Work item
Print exactly the lines of the listing below from the one containing "Модные тренды женских" through the final line, both included, and no pictures.
=== Section Start ===
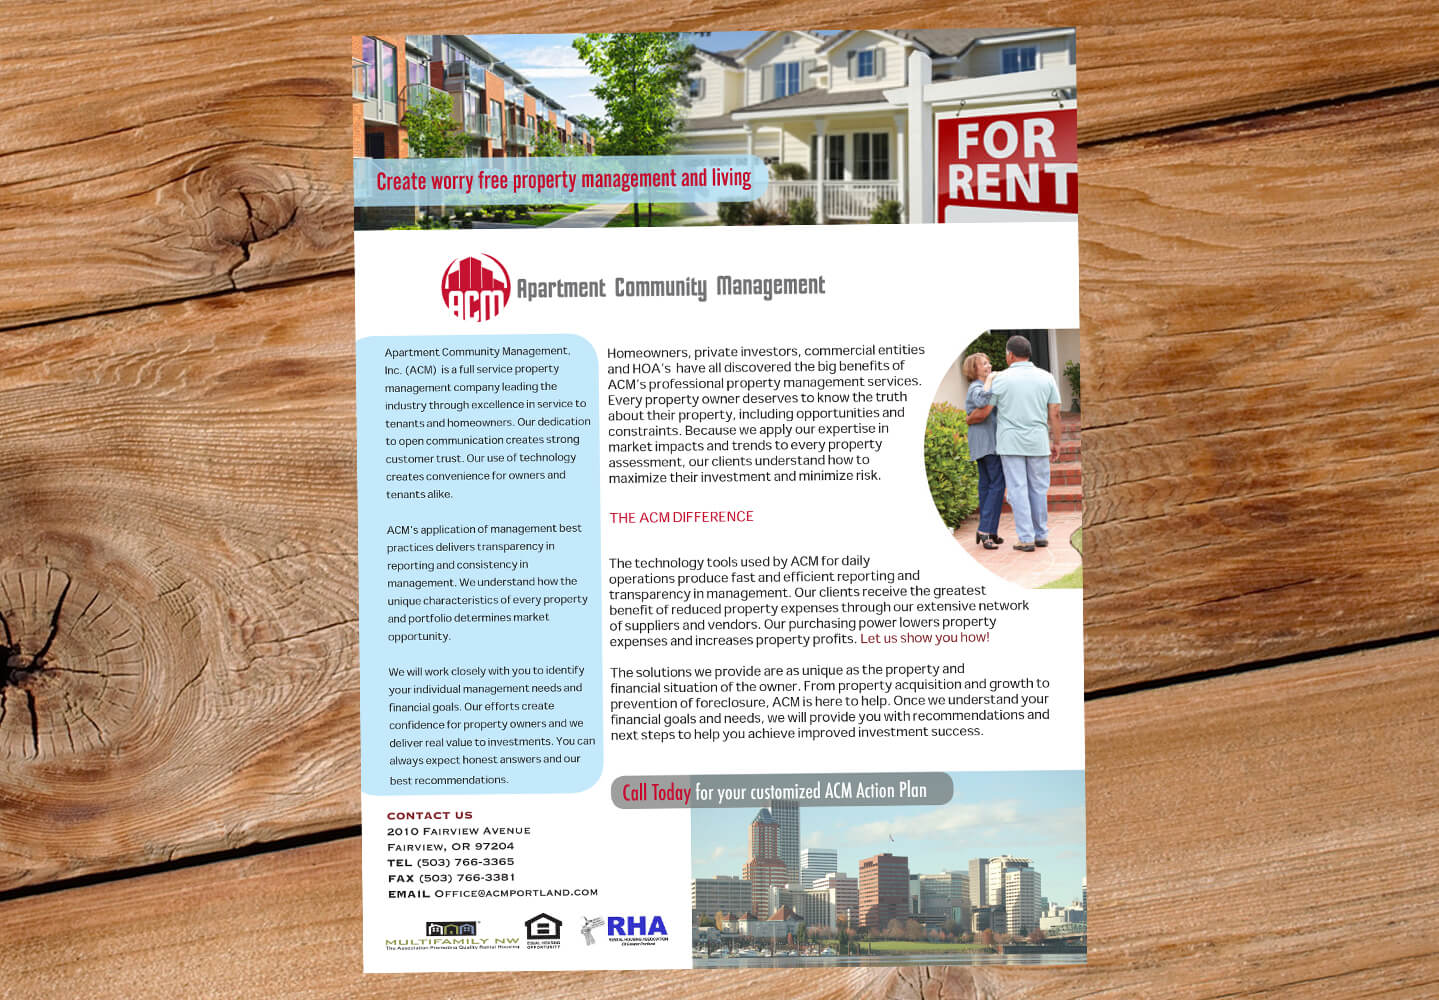 Apartment Community Management single page flier
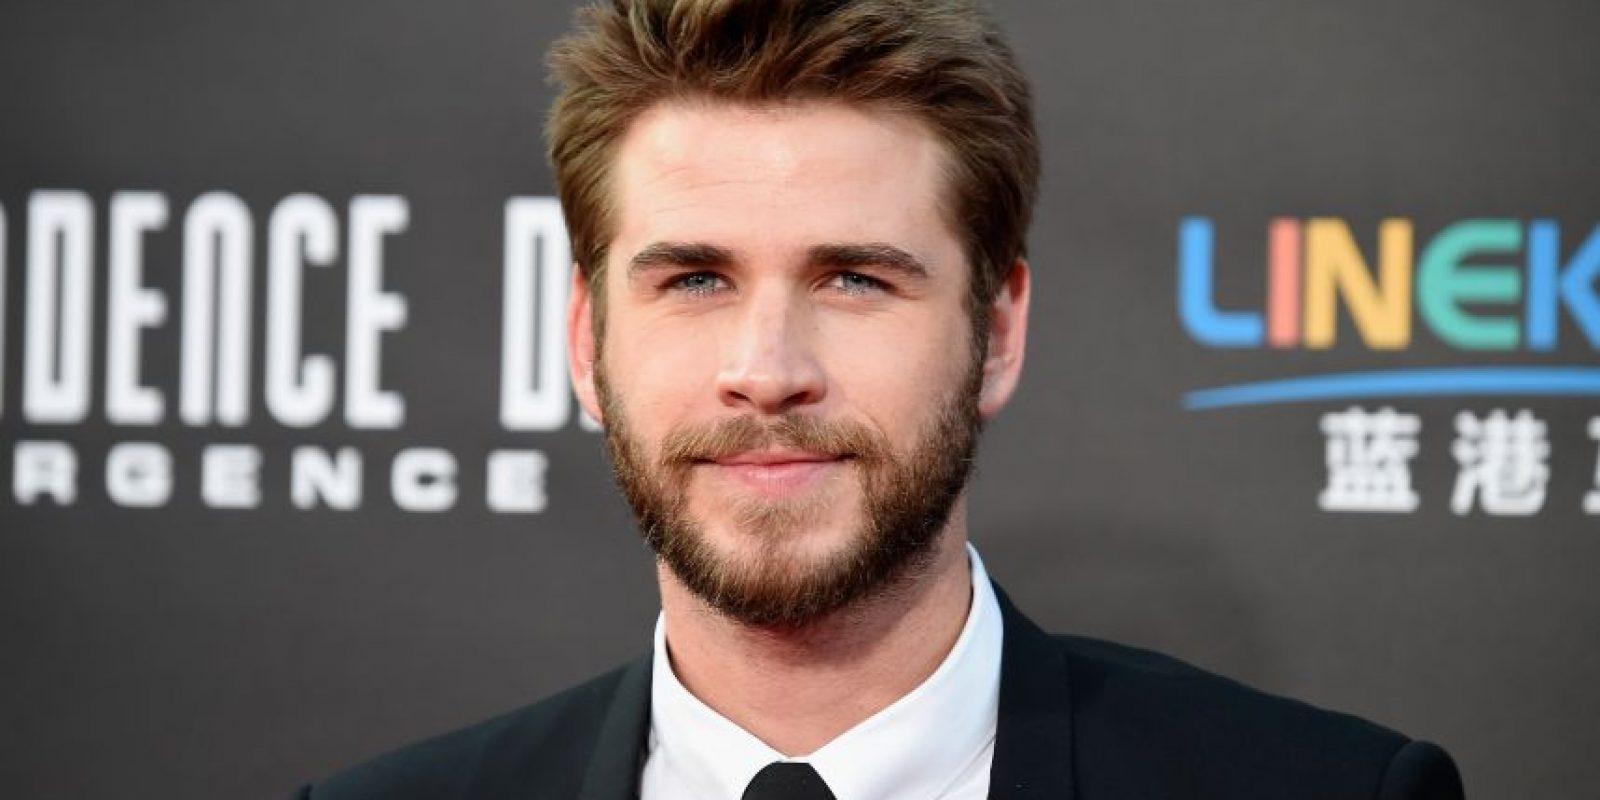 """Liam Hemsworth: """"Si alguna vez tengo la oportunidad, sí, me encantaría. Me fascina el espacio"""". Foto:Fuente Externa"""
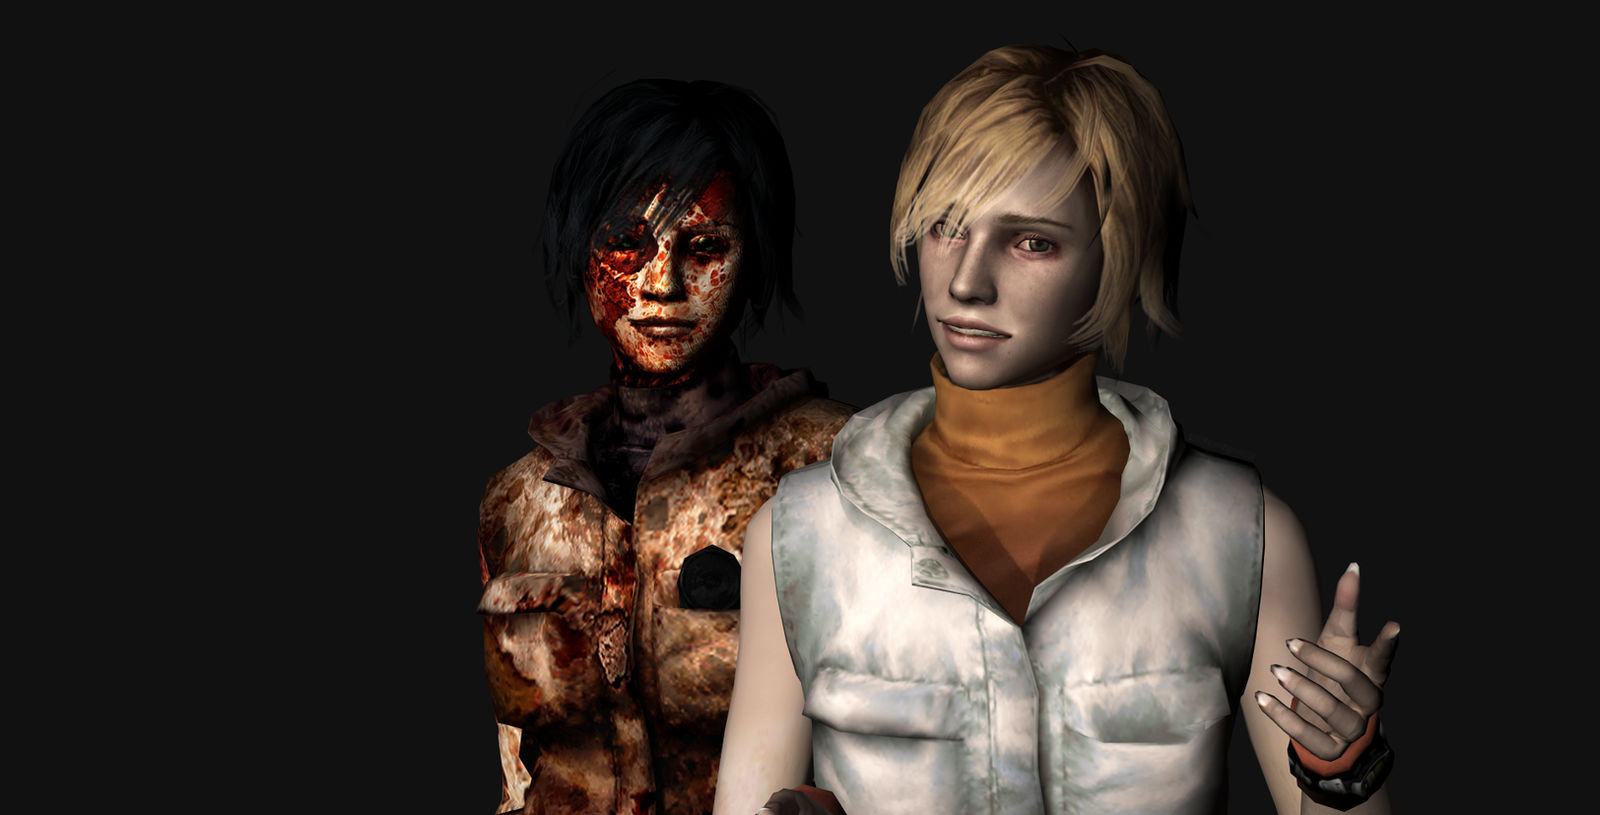 Silent Hill 3 Cheryl And Alessa Export Render 2 By Darkreign27 On Deviantart
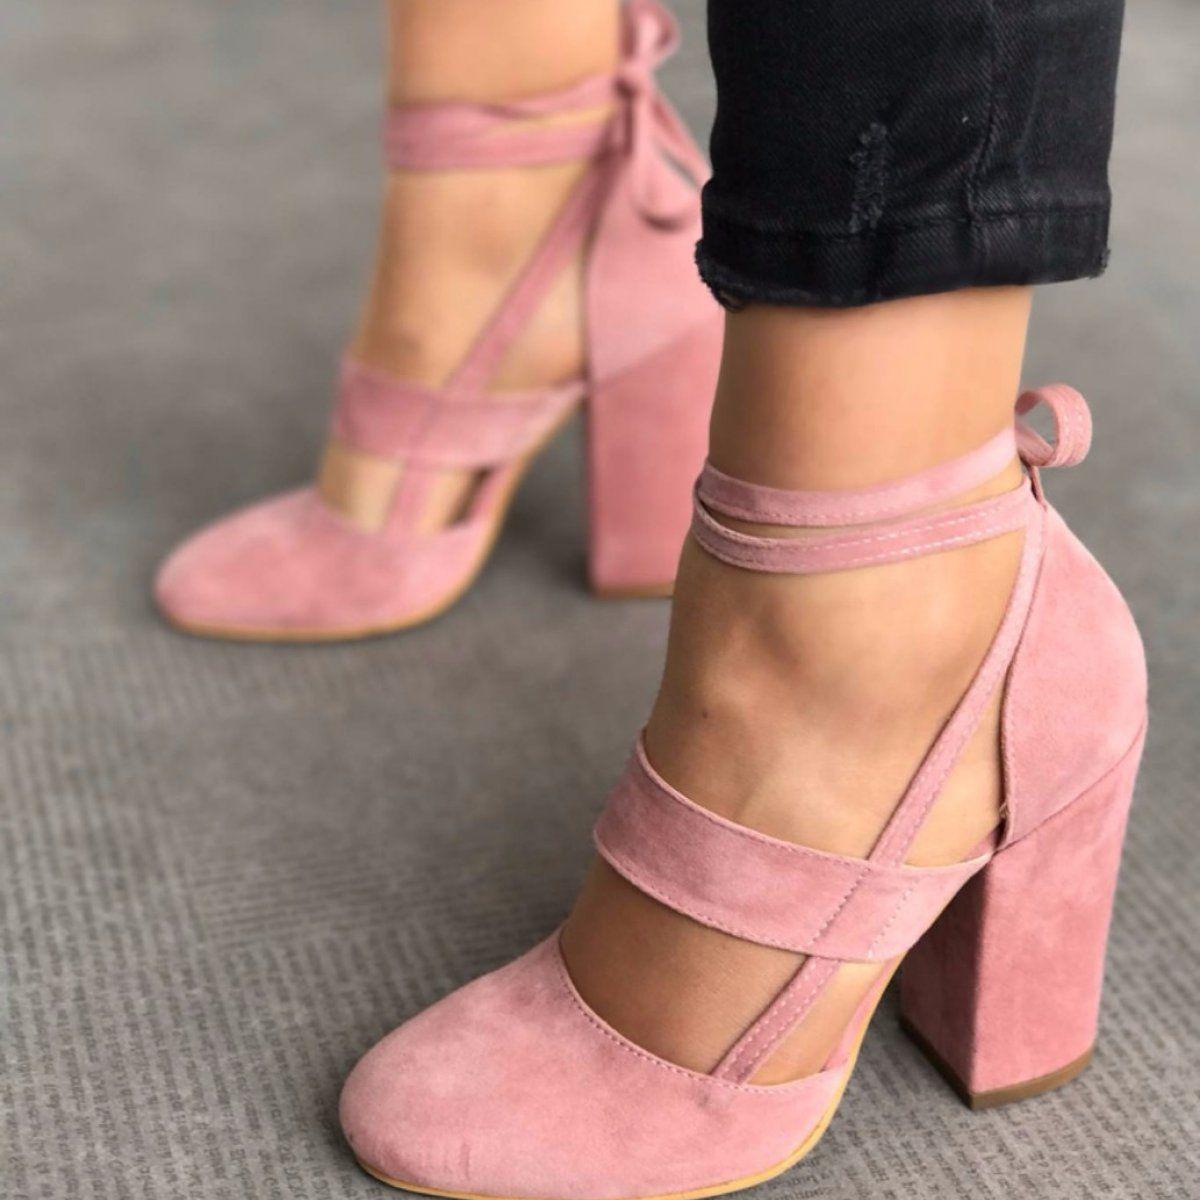 Модные тренды женских туфель на 2019 год в 2019 году
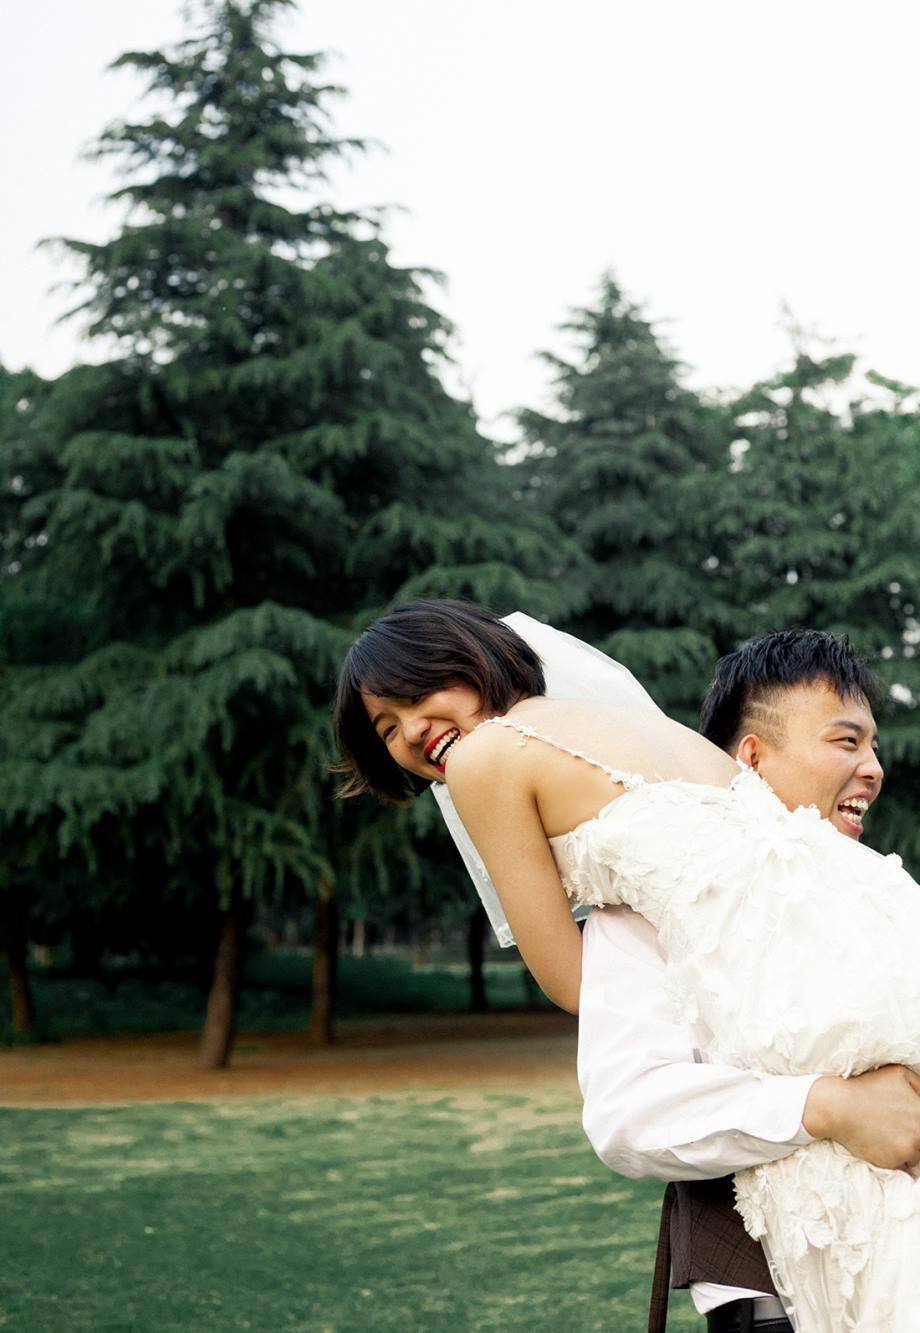 Bộ ảnh cưới mùa hè của cô dâu tóc ngắn đi giày thể thao giúp bạn định nghĩa lại về cái đẹp - Ảnh 10.
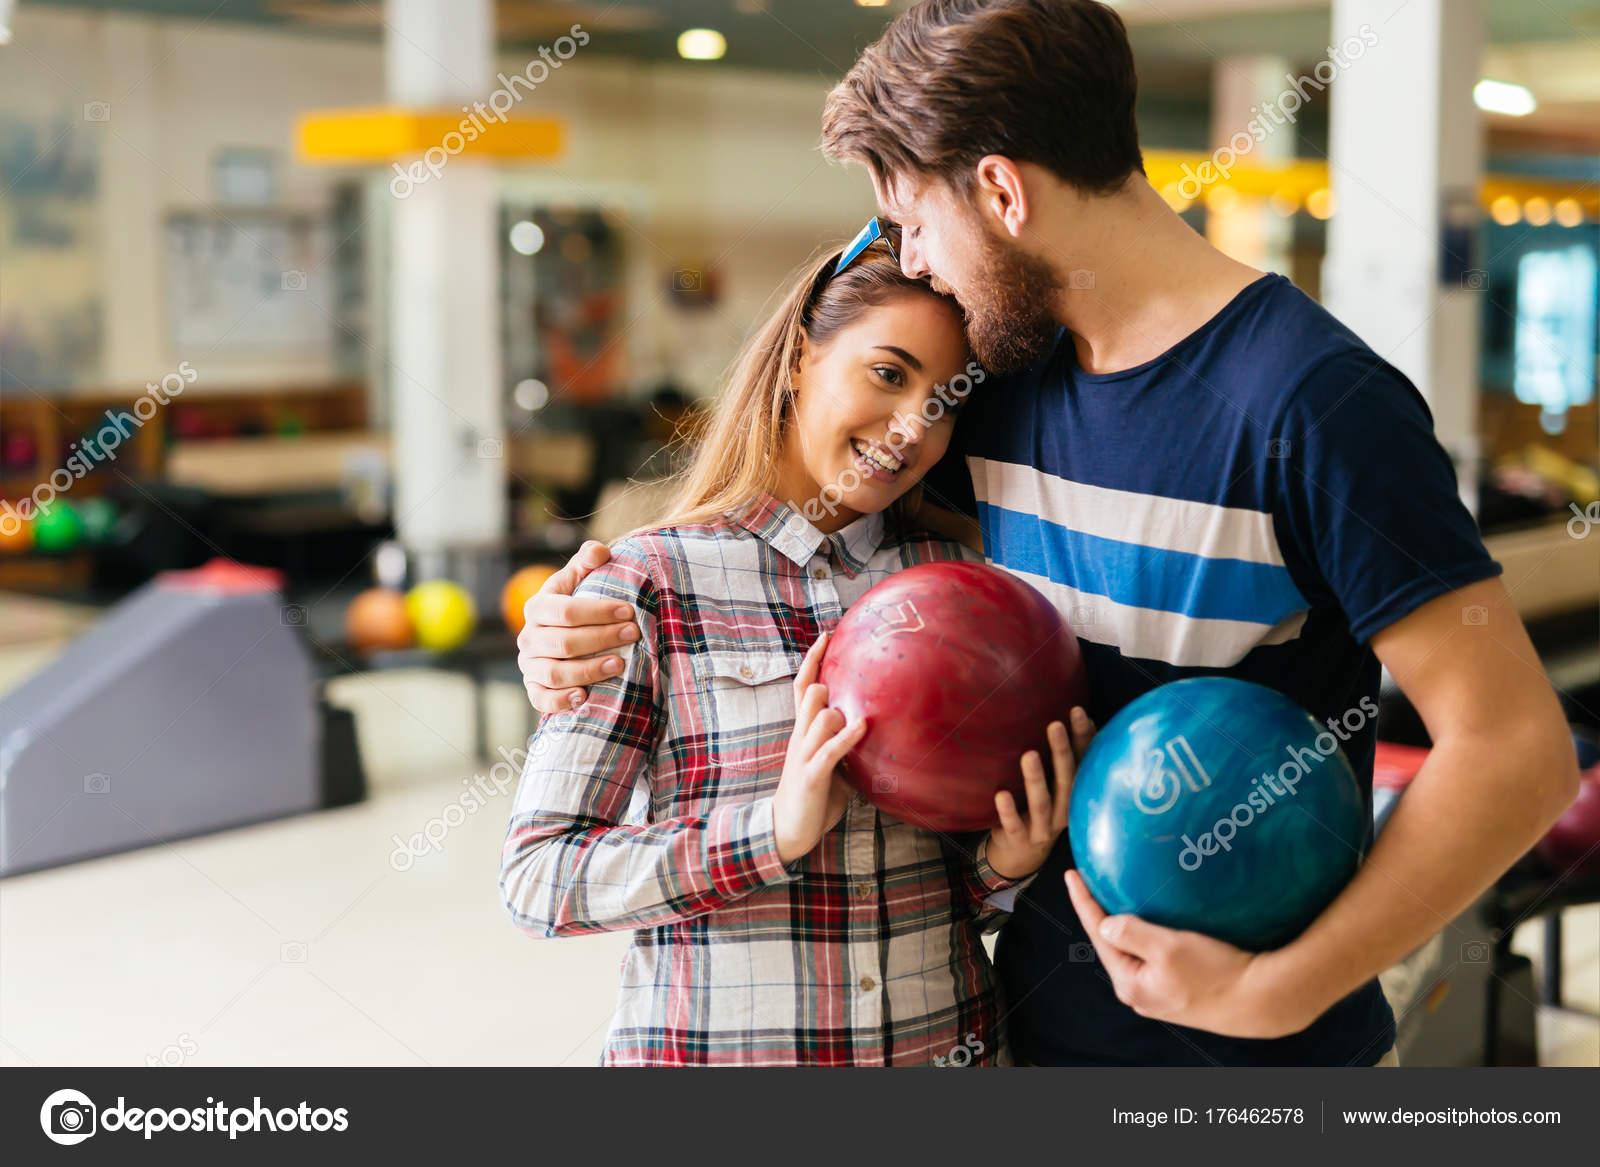 Kutoma säännöt ja dating
=== Section End ===
Answer section
 Модные тренды женских туфель на 2019 год в 2019 году
 Bộ ảnh cưới mùa hè của cô dâu tóc ngắn đi giày thể thao giúp bạn định nghĩa lại về cái đẹp - Ảnh 10.
 Kutoma säännöt ja dating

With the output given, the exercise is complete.